Definition of Derivative:

$$\displaystyle {f}’\left( x \right)=\underset{{h\to 0}}{\mathop{{\lim }}}\,\frac{{f\left( {x+h} \right)-f\left( x \right)}}{h}$$

Derivative at a Point:

$$\displaystyle {f}’\left( c \right)=\underset{{x\to c}}{\mathop{{\lim }}}\,\frac{{f\left( x \right)-f\left( c \right)}}{{x-c}}$$

Constant Rule:

$$\displaystyle \frac{d}{{dx}}\left( c \right)=0$$

Power Rule:

$$\displaystyle \frac{d}{{dx}}\left( {{{x}^{n}}} \right)=n{{x}^{{n-1}}}$$

Product Rule:

$$\displaystyle \frac{d}{{dx}}\left( {f\cdot g} \right)=f\cdot {g}’+g\cdot {f}’$$

Quotient Rule:

$$\displaystyle \frac{d}{{dx}}\left( {\frac{f}{g}} \right)=\frac{{g\cdot {f}’-f\cdot {g}’}}{{{{g}^{2}}}}$$

Chain Rule:

$$\displaystyle \frac{d}{{dx}}\left( {f\left( u \right)} \right)={f}’\left( u \right)\cdot {u}’$$

Trig Derivatives:

$$\displaystyle \begin{array}{l}\frac{d}{{dx}}\left( {\sin \left( x \right)} \right)=\cos \left( x \right)\\\frac{d}{{dx}}\left( {\cos \left( x \right)} \right)=-\sin \left( x \right)\\\frac{d}{{dx}}\left( {\tan \left( x \right)} \right)={{\sec }^{2}}\left( x \right)\\\frac{d}{{dx}}\left( {\cot \left( x \right)} \right)=-{{\csc }^{2}}\left( x \right)\\\frac{d}{{dx}}\left( {\sec \left( x \right)} \right)=\sec \left( x \right)\tan \left( x \right)\\\frac{d}{{dx}}\left( {\csc \left( x \right)} \right)=-\csc \left( x \right)\cot \left( x \right)\end{array}$$

(Trig functions starting with “c” are negative.

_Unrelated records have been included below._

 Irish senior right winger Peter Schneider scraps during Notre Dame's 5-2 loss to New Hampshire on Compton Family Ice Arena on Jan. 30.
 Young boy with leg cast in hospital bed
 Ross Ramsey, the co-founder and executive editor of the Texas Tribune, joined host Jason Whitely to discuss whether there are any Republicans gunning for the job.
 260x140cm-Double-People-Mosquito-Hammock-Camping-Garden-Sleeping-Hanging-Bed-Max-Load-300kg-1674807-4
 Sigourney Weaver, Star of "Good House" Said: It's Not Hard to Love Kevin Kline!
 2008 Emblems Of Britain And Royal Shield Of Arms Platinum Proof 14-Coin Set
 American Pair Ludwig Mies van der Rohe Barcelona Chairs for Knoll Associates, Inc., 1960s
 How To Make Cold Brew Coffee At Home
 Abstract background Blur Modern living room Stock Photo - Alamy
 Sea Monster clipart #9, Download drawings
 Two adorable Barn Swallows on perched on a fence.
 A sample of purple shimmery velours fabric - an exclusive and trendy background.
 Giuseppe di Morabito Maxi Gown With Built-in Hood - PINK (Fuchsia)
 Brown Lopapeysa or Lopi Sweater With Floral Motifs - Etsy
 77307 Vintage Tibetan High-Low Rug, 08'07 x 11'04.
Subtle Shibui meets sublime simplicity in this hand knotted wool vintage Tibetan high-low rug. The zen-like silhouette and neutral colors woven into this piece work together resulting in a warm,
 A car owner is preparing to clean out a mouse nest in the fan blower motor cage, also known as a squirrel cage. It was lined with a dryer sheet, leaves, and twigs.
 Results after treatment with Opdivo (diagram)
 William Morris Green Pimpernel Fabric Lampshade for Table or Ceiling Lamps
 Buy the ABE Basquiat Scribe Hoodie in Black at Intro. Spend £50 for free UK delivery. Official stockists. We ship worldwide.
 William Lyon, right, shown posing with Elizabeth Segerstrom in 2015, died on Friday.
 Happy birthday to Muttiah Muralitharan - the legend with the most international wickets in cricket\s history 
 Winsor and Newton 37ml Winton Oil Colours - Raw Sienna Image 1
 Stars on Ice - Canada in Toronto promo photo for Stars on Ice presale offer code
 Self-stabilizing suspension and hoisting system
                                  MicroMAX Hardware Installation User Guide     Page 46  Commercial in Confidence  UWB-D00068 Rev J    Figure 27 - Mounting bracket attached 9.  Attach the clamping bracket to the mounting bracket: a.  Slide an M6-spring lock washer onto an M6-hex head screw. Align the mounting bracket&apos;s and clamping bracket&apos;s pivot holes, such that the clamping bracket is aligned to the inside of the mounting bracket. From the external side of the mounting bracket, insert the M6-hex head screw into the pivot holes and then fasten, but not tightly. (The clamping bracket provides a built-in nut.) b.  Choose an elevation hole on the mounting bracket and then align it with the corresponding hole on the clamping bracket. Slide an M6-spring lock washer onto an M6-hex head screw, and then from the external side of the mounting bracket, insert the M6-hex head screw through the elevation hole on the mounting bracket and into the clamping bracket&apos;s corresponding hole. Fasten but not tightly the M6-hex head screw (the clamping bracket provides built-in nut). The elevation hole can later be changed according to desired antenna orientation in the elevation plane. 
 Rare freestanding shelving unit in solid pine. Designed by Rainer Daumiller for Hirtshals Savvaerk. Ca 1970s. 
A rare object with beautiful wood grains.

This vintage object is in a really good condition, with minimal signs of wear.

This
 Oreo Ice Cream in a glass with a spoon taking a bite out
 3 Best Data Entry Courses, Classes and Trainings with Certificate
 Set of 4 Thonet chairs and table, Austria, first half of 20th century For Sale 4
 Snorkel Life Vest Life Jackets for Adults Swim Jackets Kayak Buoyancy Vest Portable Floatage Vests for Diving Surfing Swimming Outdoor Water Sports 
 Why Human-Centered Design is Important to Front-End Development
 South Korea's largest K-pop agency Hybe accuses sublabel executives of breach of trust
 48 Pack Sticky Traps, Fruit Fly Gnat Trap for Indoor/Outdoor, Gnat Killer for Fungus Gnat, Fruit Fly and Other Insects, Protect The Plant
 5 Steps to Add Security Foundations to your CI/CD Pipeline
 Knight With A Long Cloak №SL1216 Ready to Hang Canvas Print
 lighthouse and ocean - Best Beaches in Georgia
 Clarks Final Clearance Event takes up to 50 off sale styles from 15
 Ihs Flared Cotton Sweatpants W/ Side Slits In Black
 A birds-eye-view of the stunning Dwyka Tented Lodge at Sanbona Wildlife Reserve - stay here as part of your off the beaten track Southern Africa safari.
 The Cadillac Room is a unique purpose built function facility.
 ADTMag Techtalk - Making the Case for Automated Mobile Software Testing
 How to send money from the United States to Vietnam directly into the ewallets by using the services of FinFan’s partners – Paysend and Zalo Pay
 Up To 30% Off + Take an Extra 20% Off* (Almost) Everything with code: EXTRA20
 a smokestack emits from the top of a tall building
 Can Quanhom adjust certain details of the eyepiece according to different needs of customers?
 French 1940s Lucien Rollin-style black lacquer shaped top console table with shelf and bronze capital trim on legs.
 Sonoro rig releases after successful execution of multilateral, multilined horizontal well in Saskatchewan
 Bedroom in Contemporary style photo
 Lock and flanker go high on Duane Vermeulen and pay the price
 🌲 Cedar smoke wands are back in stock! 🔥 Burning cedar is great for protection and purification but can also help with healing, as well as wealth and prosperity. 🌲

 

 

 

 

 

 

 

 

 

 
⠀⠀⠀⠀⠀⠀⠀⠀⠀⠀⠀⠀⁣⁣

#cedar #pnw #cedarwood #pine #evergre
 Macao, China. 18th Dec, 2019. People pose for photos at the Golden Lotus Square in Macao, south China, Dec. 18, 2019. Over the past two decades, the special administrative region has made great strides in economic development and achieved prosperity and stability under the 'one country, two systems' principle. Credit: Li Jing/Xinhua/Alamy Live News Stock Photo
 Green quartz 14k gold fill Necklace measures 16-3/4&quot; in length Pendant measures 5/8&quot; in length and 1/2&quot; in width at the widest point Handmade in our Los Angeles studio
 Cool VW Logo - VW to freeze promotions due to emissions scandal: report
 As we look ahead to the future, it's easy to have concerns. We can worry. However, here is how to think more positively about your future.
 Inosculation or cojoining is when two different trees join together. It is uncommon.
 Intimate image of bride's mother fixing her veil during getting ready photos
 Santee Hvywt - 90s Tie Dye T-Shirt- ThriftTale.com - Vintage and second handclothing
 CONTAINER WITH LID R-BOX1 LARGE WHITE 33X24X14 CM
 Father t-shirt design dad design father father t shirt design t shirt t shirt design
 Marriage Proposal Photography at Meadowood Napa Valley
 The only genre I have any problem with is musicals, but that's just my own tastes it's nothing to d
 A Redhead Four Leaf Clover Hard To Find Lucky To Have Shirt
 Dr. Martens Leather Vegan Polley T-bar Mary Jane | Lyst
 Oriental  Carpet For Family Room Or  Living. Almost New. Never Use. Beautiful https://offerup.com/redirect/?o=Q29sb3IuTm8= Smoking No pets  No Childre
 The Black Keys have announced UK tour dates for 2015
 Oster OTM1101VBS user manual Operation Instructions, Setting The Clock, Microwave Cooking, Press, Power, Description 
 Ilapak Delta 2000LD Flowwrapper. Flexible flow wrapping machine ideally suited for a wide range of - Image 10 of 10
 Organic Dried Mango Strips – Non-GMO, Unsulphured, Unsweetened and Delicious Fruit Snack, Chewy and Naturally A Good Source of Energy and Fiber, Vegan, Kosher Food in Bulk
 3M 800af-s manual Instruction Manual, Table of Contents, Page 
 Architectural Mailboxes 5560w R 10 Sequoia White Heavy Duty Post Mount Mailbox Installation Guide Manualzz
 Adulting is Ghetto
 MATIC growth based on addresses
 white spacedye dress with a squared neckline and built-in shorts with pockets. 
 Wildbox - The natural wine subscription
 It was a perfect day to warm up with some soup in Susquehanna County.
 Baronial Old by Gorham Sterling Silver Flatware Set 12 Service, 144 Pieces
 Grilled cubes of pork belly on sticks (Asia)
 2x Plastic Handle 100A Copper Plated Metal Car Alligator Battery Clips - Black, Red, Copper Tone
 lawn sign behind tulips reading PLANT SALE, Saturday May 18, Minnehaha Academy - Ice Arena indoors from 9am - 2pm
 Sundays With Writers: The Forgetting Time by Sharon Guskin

I also remember that there are always 2 sec’s (csc’s) and 1 tan (cot’s) in the last 4 equations.)

Inverse Trig Derivatives:

\displaystyle \begin{align}\frac{{d\left( {\arcsin u} \right)}}{{dx}}&=\frac{{{u}’}}{{\sqrt{{1-{{u}^{2}}}}}}\\\frac{{d\left( {\arctan u} \right)}}{{dx}}&=\frac{{{u}’}}{{1+{{u}^{2}}}}\\\frac{{d\left( {\text{arcsec}\,u} \right)}}{{dx}}&=\frac{{{u}’}}{{\left| u \right|\sqrt{{{{u}^{2}}-1}}}}\\\frac{{d\left( {\arccos u} \right)}}{{dx}}&=\frac{{-{u}’}}{{\sqrt{{1-{{u}^{2}}}}}}\\\,\frac{{d\left( {\text{arccsc}\,u} \right)}}{{dx}}&=\frac{{-{u}’}}{{\left| u \right|\sqrt{{{{u}^{2}}-1}}}}\\\frac{{d\left( {\text{arccot}\,u} \right)}}{{dx}}&=\frac{{-{u}’}}{{1+{{u}^{2}}}}\end{align}

Exponential and Log Derivatives:

(u is function of x, a is constant)

\displaystyle \begin{align}\frac{d}{{dx}}\left( {\ln u} \right)&=\frac{{{u}’}}{u}\\\frac{d}{{dx}}\left( {{{{\log }}_{a}}u} \right)&=\frac{{{u}’}}{{u\left( {\ln \,a} \right)}}\\\frac{d}{{dx}}\left( {{{e}^{u}}} \right)&={{e}^{u}}{u}’\\\frac{d}{{dx}}\left( {{{a}^{u}}} \right)&=\left( {\ln \,a} \right){{a}^{u}}{u}’\end{align}

$$\displaystyle \frac{d}{{dx}}\left[ {f{{{\left( x \right)}}^{{g\left( x \right)}}}} \right]:\text{take ln of each side}$$

When we have a variable both in the base and the exponent, take ln of both sides to take derivative, and use implicit integration. Then substitute y function back in to get in terms of x.

Mean Value Theorem:

If a function is continuous on a closed interval $$\left[ {a,b} \right]$$ and differentiable on the open interval $$\left( {a,\,b} \right)$$, then there is at least one number c in $$\left( {a,\,b} \right)$$, where

$$\displaystyle {f}’\left( c \right)=\frac{{f\left( a \right)-f\left( b \right)}}{{b-a}}$$.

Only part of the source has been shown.